Critics have praised Chin's poetry for its unflinching examination of the contradictory feelings brought on by immigration in general and for Asian Americans specifically. Chin's openness about female sexuality and the social roles of women of color-in particular the image of Asian women as exotic and doll-like-and her frequent references to the revolutionary movement in China have earned her a reputation as an important political feminist poet.
Her full name is Marilyn Mei Ling Chin: Chinese-born American poet. Chin is known for producing spare, often confrontational, poetry that explores her experience as a first-generation Chinese-American and a woman of color in the United States, as well as social and political injustices in her native China.

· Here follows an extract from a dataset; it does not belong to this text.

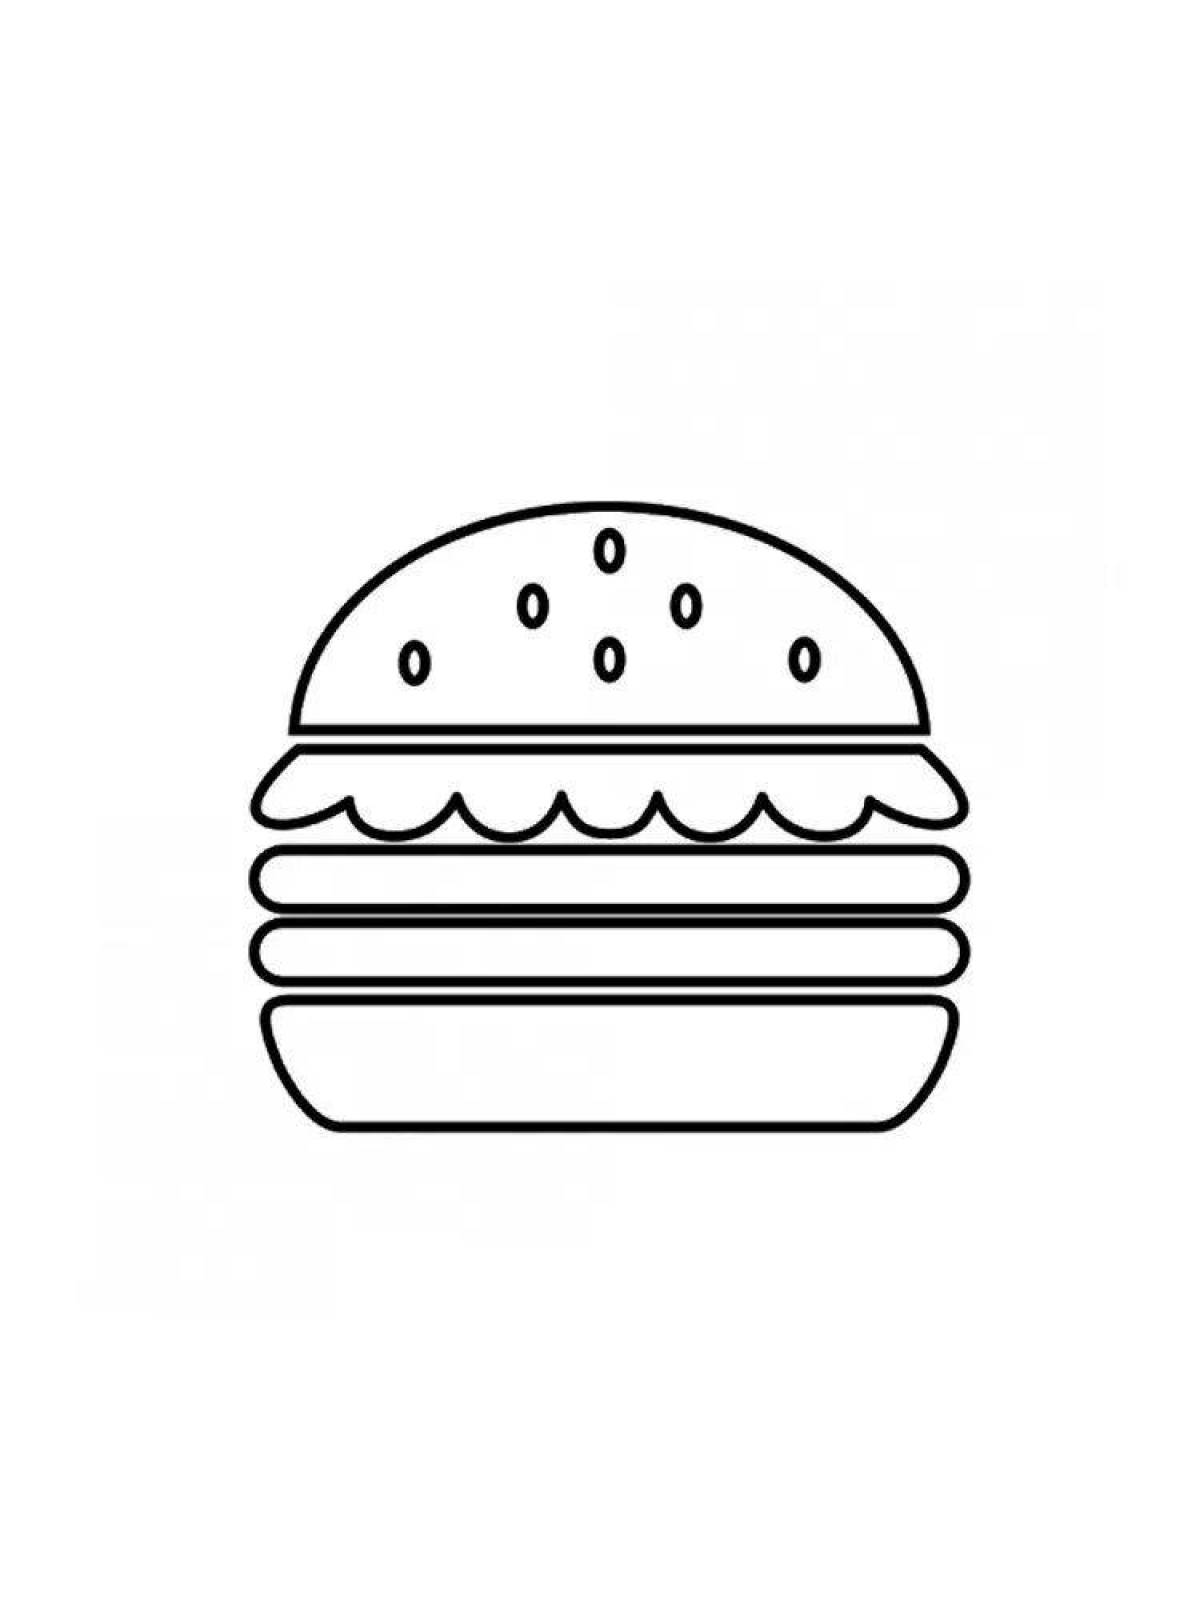 Юмористическая страница раскраски burger cat

Chin was born in Hong Kong in 1955 to George and Rose Chin, who emigrated to the American Northwest shortly after her birth. In a well-known poem, "How I Got That Name: An Essay on Assimilation," Chin meditated on the fact that her father, a restaurant proprietor in Oregon, incongruously named her after the American film and cultural icon Marilyn Monroe-an occurrence that helped form Chin's thoughts on the experience of assimilation in America. Chin received her B.A. at the University of Massachusetts at Amherst in 1977 and her M.F.A. at the University of Iowa in 1981. She worked as a translator and editor in the International Writing Program at the University of Iowa from 1978 to 1982. In 1988 Chin took a position as an assistant professor of creative writing at San Diego State University, becoming a full professor of English and Asian-American studies in 1996. Chin has won numerous fellowships and awards for her writing, including a National Endowment for the Arts grants; and the Pushcart Prizes.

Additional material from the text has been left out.